5. The quantum circuit of claim 4, wherein the linear combination of unitaries are in accordance with an orbital major mapping between the first and second plurality of qubits and spin-orbitals characterized by the plurality of spin indices and the plurality of orbital indices.
6. The quantum circuit of claim 5, wherein the linear combination of unitaries are generated in accordance with a linear combination of Majorana operators.
7. The quantum circuit of claim 6, wherein the linear combination of unitaries are generated further in accordance with Givens rotations.
8. The quantum circuit of claim 1, wherein the PB Hamiltonian is in accordance with triplet excitation operators.
9. The quantum circuit of claim 1, the eigenvalues of the PB Hamiltonian are determined based on a block encoding of the PB Hamiltonian.
10. The quantum circuit of claim 1, the eigenvalues of the PB Hamiltonian are determined based on a quantum phase estimation.
11. A method for estimating eigenvalues of a Pauli-Breit (PB) Hamiltonian, the method comprising:
preparing, via a first circuit primitive, a first plurality of qubits representing a plurality of orbital indices, in accordance with a first primitive matrix operation;
preparing, via a second circuit primitive, a second plurality of qubits representing a plurality of spin indices, in accordance with a second primitive matrix operation, wherein the plurality of spin indices are decoupled from the plurality of orbital indices;
controlling, via a plurality of spin-mixing swap networks, the first plurality of qubits representing the plurality of orbital indices and the second plurality of qubits representing the plurality of spin indices;
providing, after the plurality of spin-mixing swap networks, a third circuit primitive that implements a Hermitian conjugate of the first primitive matrix operation on the first plurality of qubits; and
providing, after the plurality of spin-mixing swap networks, a fourth circuit primitive that implements a Hermitian conjugate of the second primitive matrix operation on the second plurality of qubits;
wherein states of the first and second plurality of qubits estimate the eigenvalues of the PB Hamiltonian.
12. The method of claim 11, wherein the plurality of spin-mixing swap networks include:
a plurality of spin-generating operator circuits configured to control the second plurality of qubits representing the plurality of spin indices.

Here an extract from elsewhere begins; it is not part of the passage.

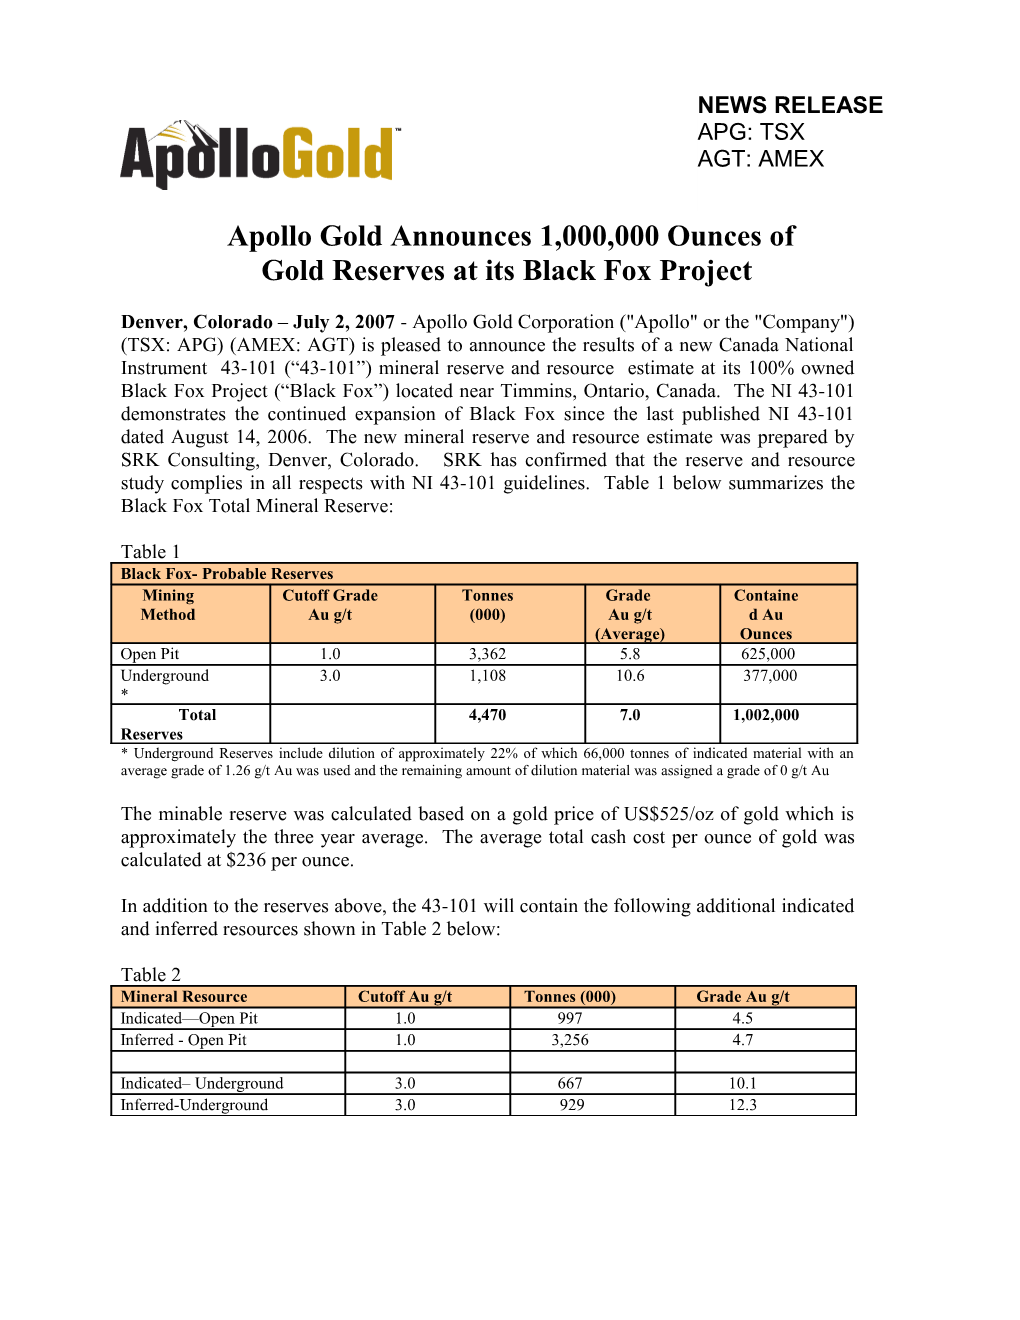 Apollo Gold Announces 1,000,000 Ounces Of

13. The method of claim 12, wherein the plurality of spin-mixing swap networks further include:
a plurality of orbital-generating operator circuits configured to control the first plurality of qubits representing the plurality of orbital indices.

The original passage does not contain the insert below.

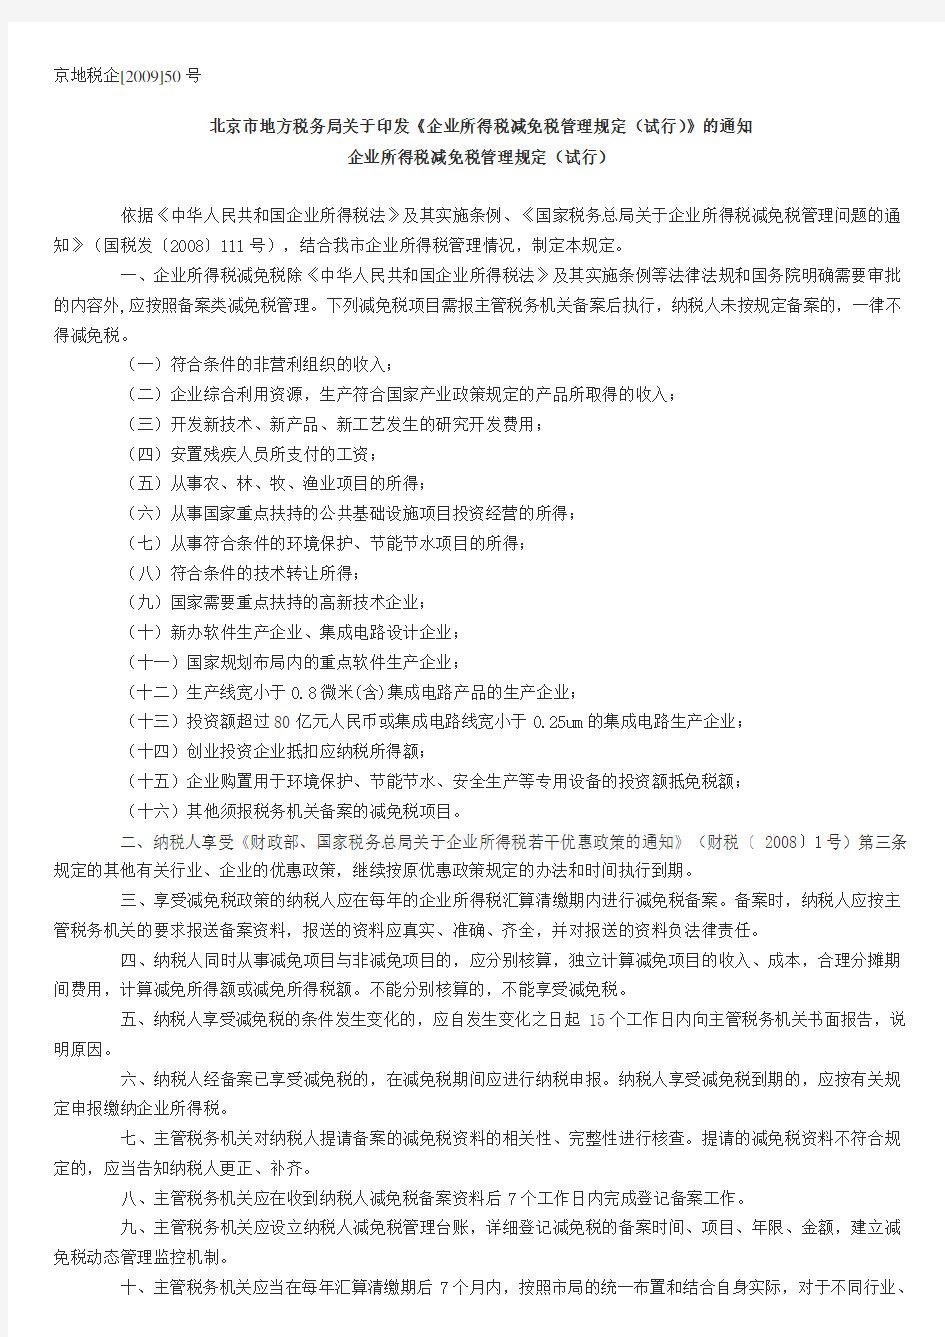 北京市地方税务局关于印发《企业所得税减免税管理规定(试行)》的通知

14. The method of claim 11, wherein the plurality of spin-mixing swap networks operate in accordance with a linear combination of unitaries.
15. The method of claim 14, wherein the linear combination of unitaries are in accordance with an orbital major mapping between the first and second plurality of qubits and spin-orbitals characterized by the plurality of spin indices and the plurality of orbital indices.
16. The method of claim 15, wherein the linear combination of unitaries are generated in accordance with a linear combination of Majorana operators.
17. The method of claim 16, wherein the linear combination of unitaries are generated further in accordance with Givens rotations.
18. The method of claim 11, wherein the PB Hamiltonian is in accordance with triplet excitation operators.
19. The method of claim 11, the eigenvalues of the PB Hamiltonian are determined based on a block encoding of the PB Hamiltonian.
20. The method of claim 11, the eigenvalues of the PB Hamiltonian are determined based on a quantum phase estimation.